Anemia is common in patients with CKD, so curing of anemia is important because this is a cause of left ventricular hypertrophy, heart failure, and angina. Curing of anemia also helps to improve the platelet dysfunction associated with CKD. In our study, CKD parturients were anemic and two patients required packed cell volume transfusion during dialysis. On the day of surgery morning, S. K and an ECG were obtained to screen for changes caused by electrolyte abnormalities especially hyperkalemia.[9] Electrolytes should not be measured immediately after dialysis due to incomplete equilibration between plasma and intracellular fluids. We observed normal serum potassium in all patients. Another feature of CKD is platelet dysfunction which is not related to a low platelet count. Patients who are receiving adequate dialysis are less likely to have significant platelet dysfunction and their risk of bleeding is less.[5] Platelet counts were normal in all our patients and none of them required platelet-rich plasma. Dialysis-dependent patient should receive dialysis before the operation to achieve a volume status as close to normovolemic as possible and to allow the patient to tolerate fluid loads required during surgery and also to obtain normal electrolyte concentration. Two of our patients received pre-operative dialysis.

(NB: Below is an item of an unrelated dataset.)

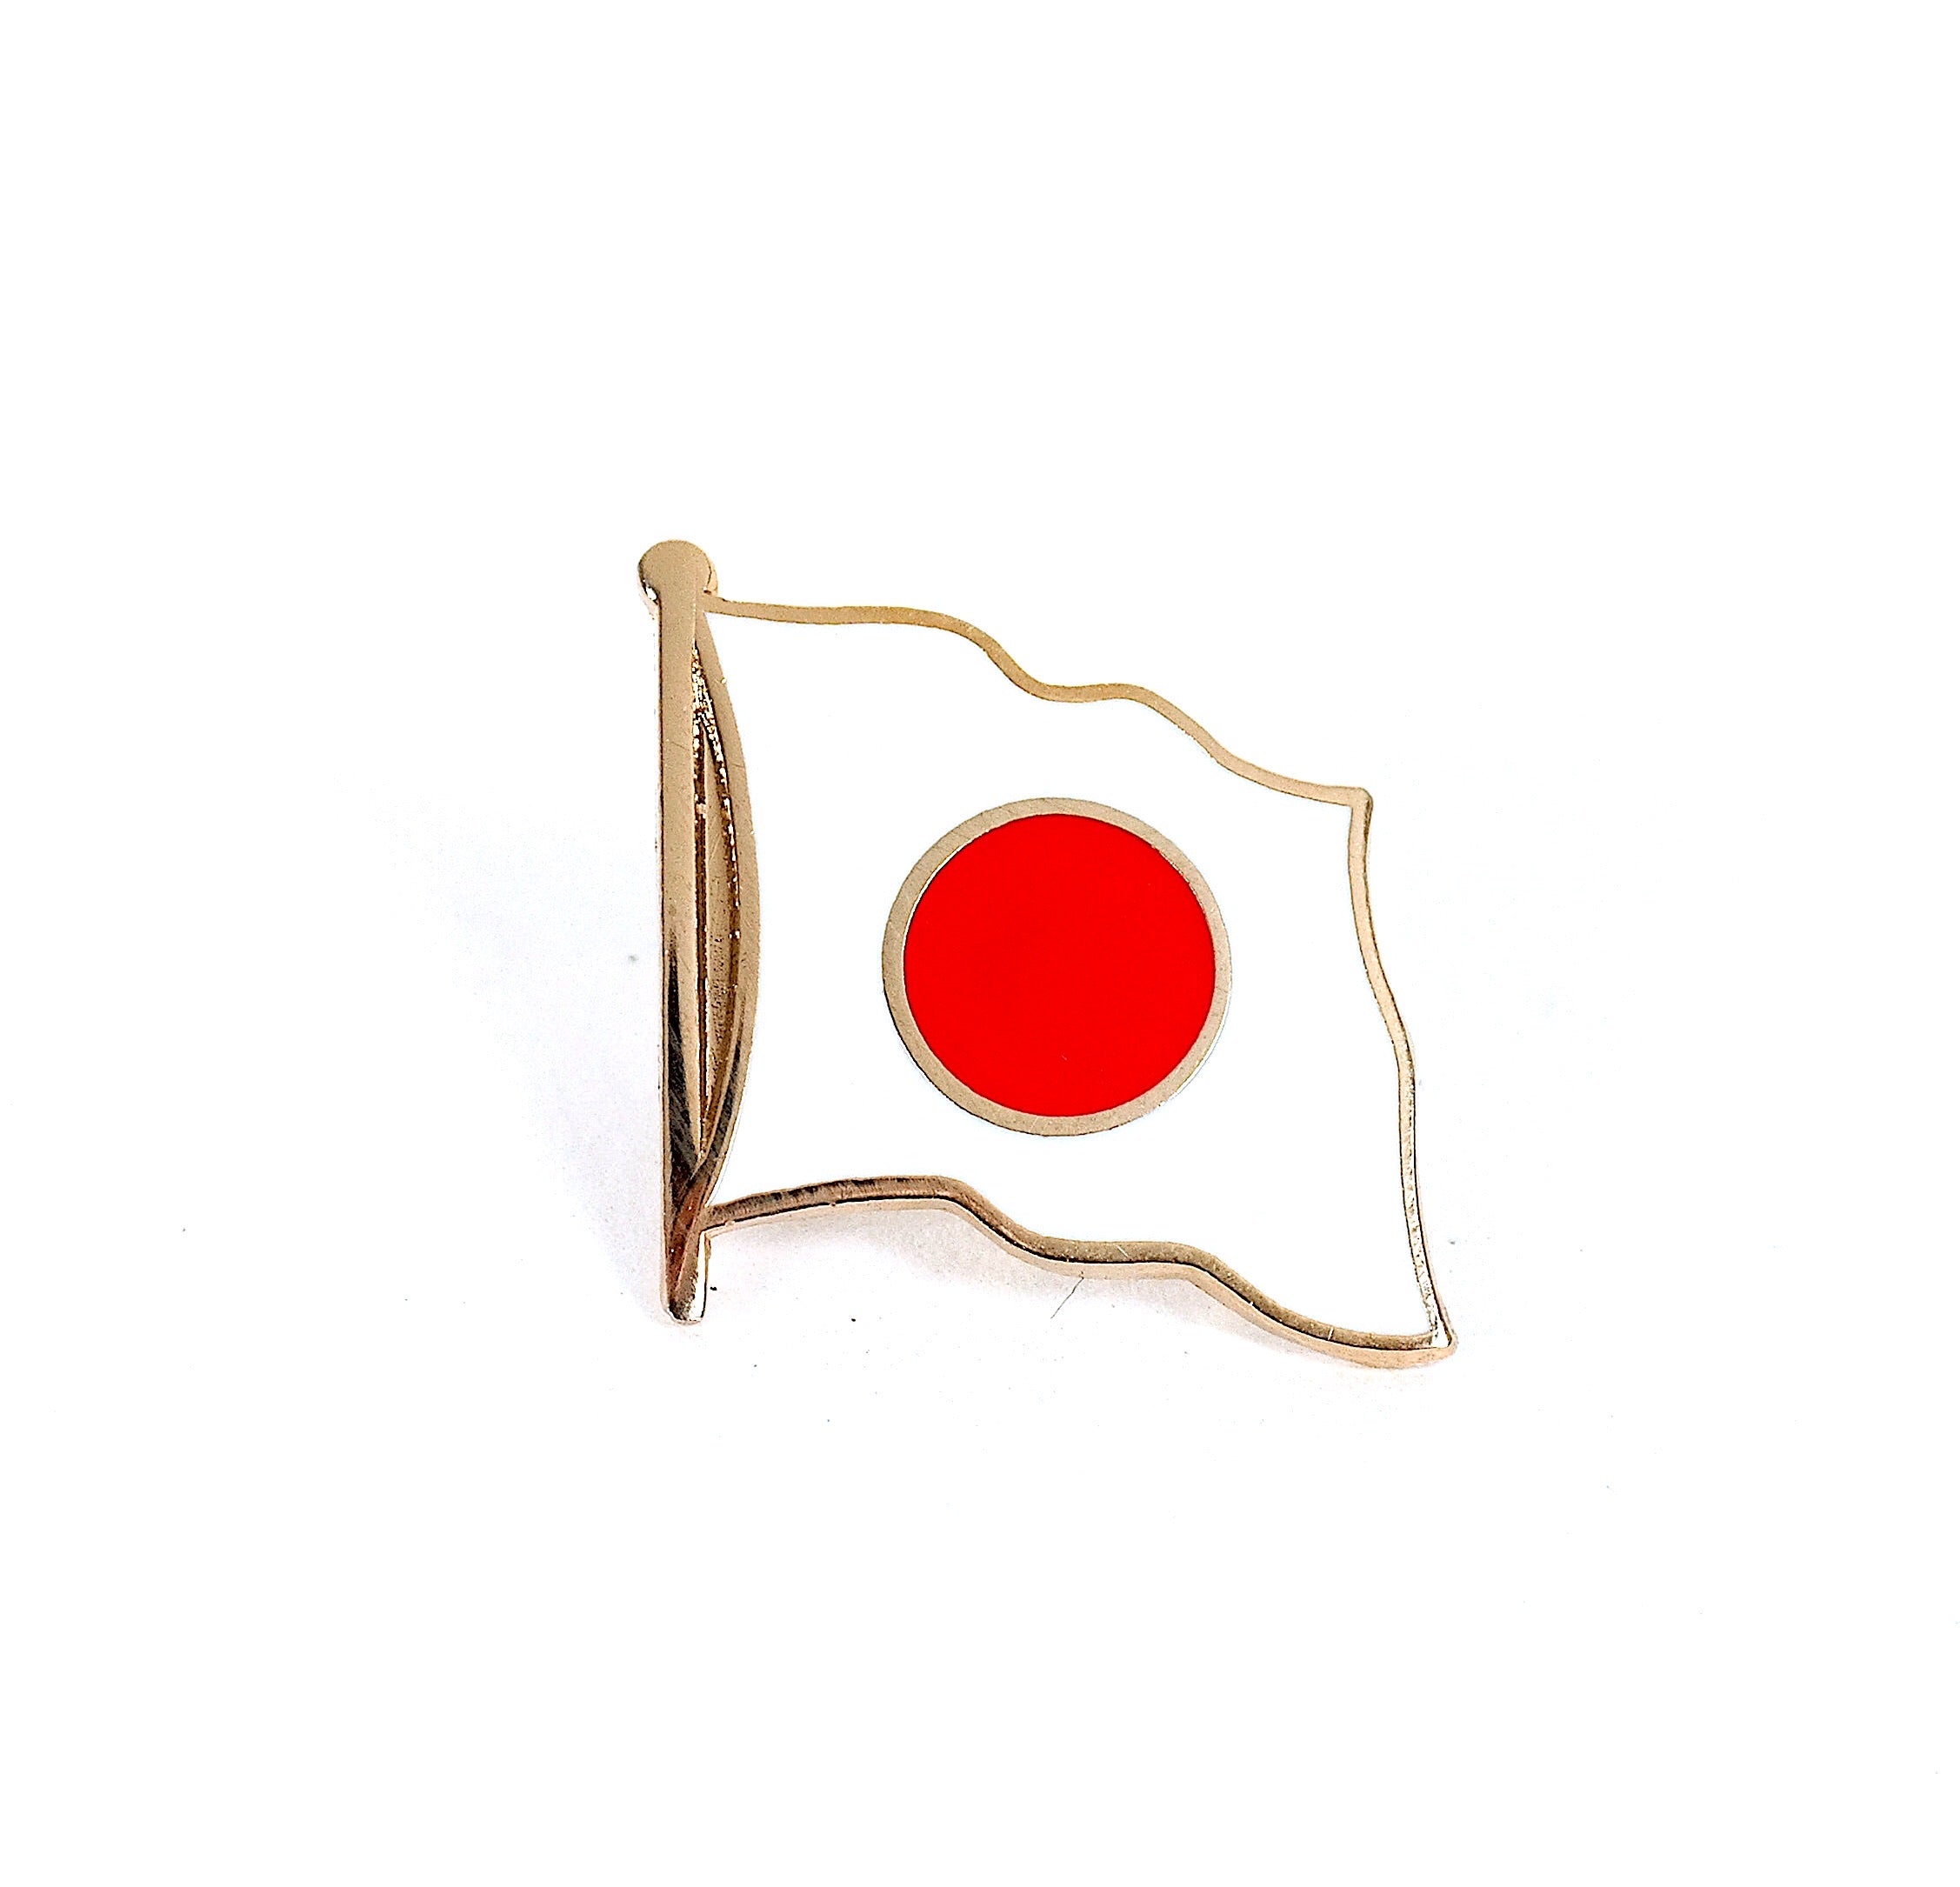 Japan Flag Lapel Pin

The dosage of local anesthetic agents which are used for spinal anesthesia has been reported to exert no influence upon the baby.[5] In contrast to spinal anesthesia, epidural anesthesia requires large amounts of local anesthetic and the Intrauterine growth retardation fetus and neonate may be affected adversely by placental transfer of these drugs.[7] However, 50-60% of cases of spinal anesthesia experience hypotension followed by decreased uterine blood flow. In our study, we observed stable hemodynamics. For post-operative analgesia, fentanyl, sufentanil, and morphine can be added with local anesthetic in spinal anesthesia but we have avoided these opioids because our patients had IUGR babies.

The limitations of our study are: Our sample size is very small; and as it is a retrospective study, we need large number of patients. But unfortunately, few patients reach till full term of pregnancy. Based on our results, we consider that spinal anesthesia is safe to the patients with CKD if there is no platelet dysfunction or coagulation abnormalities.[1011]

Conclusion

This study showed that parturients with CKD with normal coagulation profile remained hemodynamically stable under spinal anesthesia with minimal side effects. However, a large number of studies are required to determine the safety of spinal anesthesia in this setting.